The notes below relate specifically to the Data Fabric distribution of Apache Flink. You may also be interested in the Apache Flink home page.

These release notes contain only HPE-specific information and are not necessarily cumulative in nature. For information about how to use the release notes, see Ecosystem Component Release Notes.

Version	2.0.0.0
Release Date	October 2025
HPE Version Interoperability	See Ecosystem Pack Components and OS Support
GitHub Sorce	https://github.com/mapr/flink-shaded https://github.com/mapr/flink https://github.com/mapr/flink-connector-kafka
GiitHub Rlease Tag	flink-shaded: 19.0.0-dep-1000 flink: 2.0.0.0-dep-1000 flink-connector-kafka: 4.0.0.0-dep-1000
Maven Artifacts	https://repository.mapr.com/maven/
Package Names	Navigate to https://package.mapr.hpe.com/releases/MEP/, and select your EEP (MEP) or DEP and OS to view the list of package names.

New in this Release

Apache Flink 2.0.0 included in DEP with support for DEP YARN, MapRFS (for checkpoint and HA storage), and DF ZooKeeper.
Apache Flink Connector Kafka 4.0.0 with support for Data Fabric Streams is included in DEP 10.0.0.

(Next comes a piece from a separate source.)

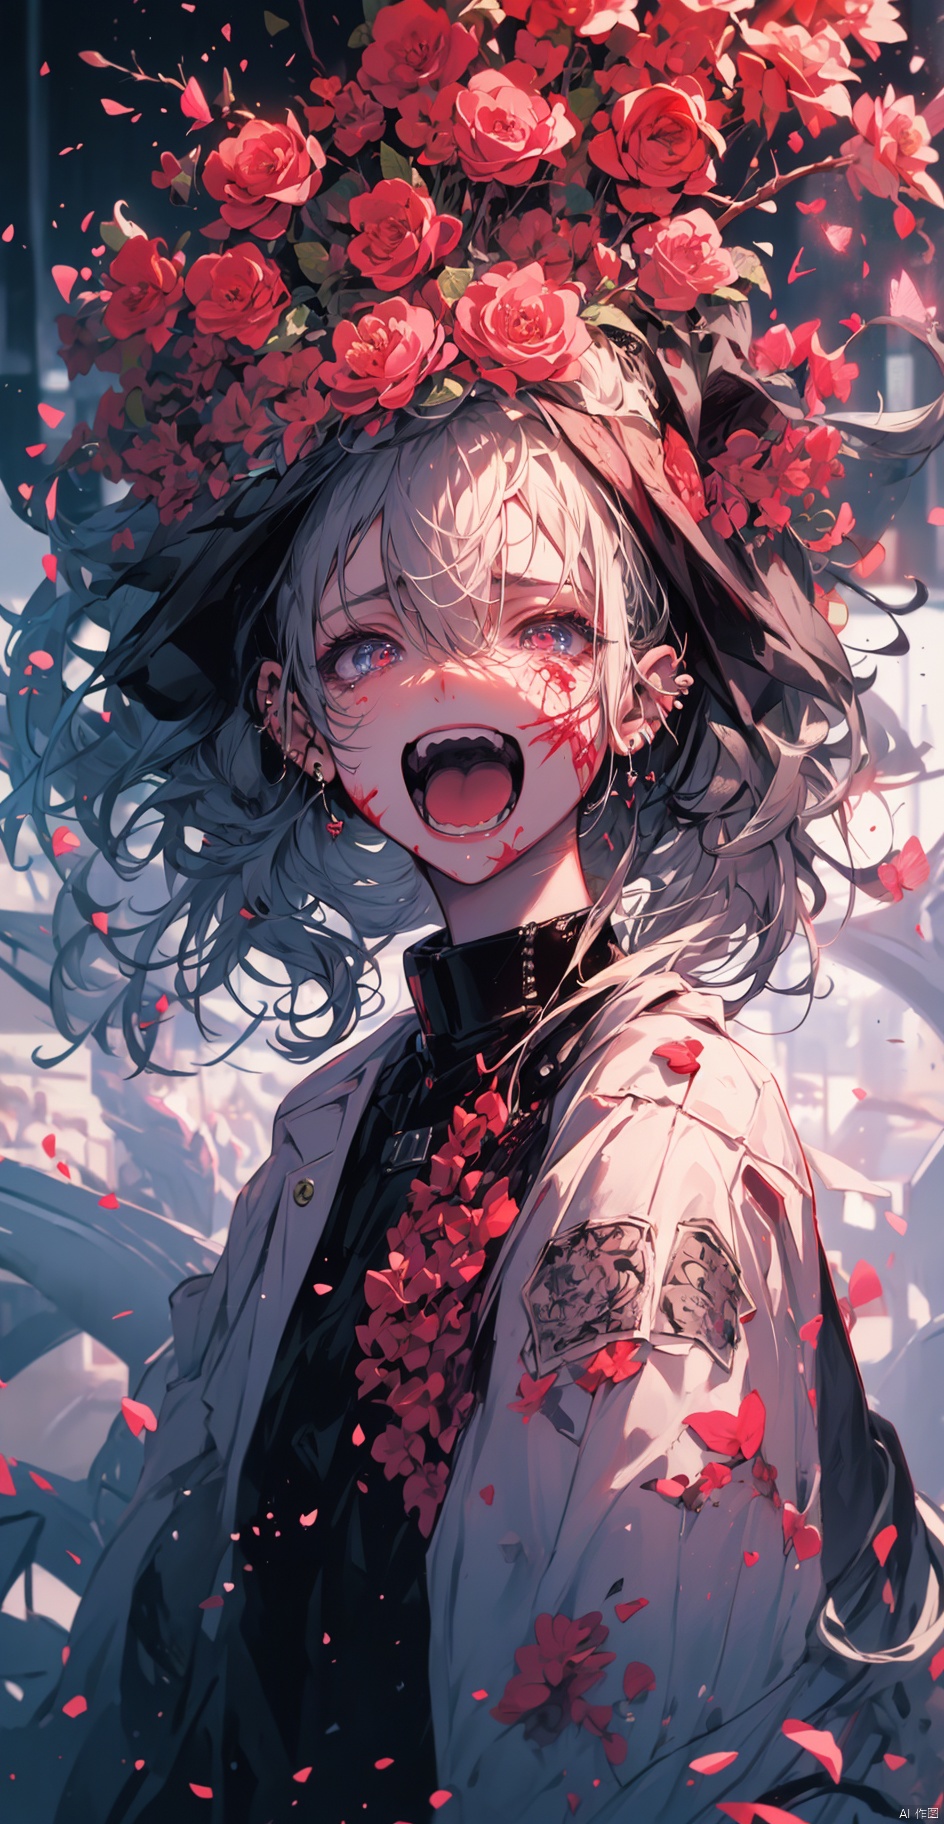  A girl, butterfly, dusk, falling flowers, cherry blossoms, ripples, water, blood, wounds, heart, Streamers, tears, laughte, myuejin, guijian, surrealistic, qsflh, Colorful portraits, fushihui, banhua, Ukiyoe, Rebellious girl, boom

Known Issues and Limitations

Flink in DEP 10.0.0 has the following Known issues and limitations:

Warnings

If you are using the auto-generated self-signed certificates, you may see the following warning

Warning 1

If HADOOP_CREDSTORE_PASSWORD variable is not set, when you run a Flink CLI tool for the first time, following warning may get displayed many times:

WARNING: You have accepted the use of the default provider password
            by not configuring a password in one of the two following locations:
                   * In the environment variable HADOOP_CREDSTORE_PASSWORD
                   * In a file referred to by the configuration entry 
                     hadoop.security.credstore.java-keystore-provider.password-file.
Please review the documentation regarding provider passwords in
the keystore passwords section of the Credential Provider API
Continuing with the default provider password.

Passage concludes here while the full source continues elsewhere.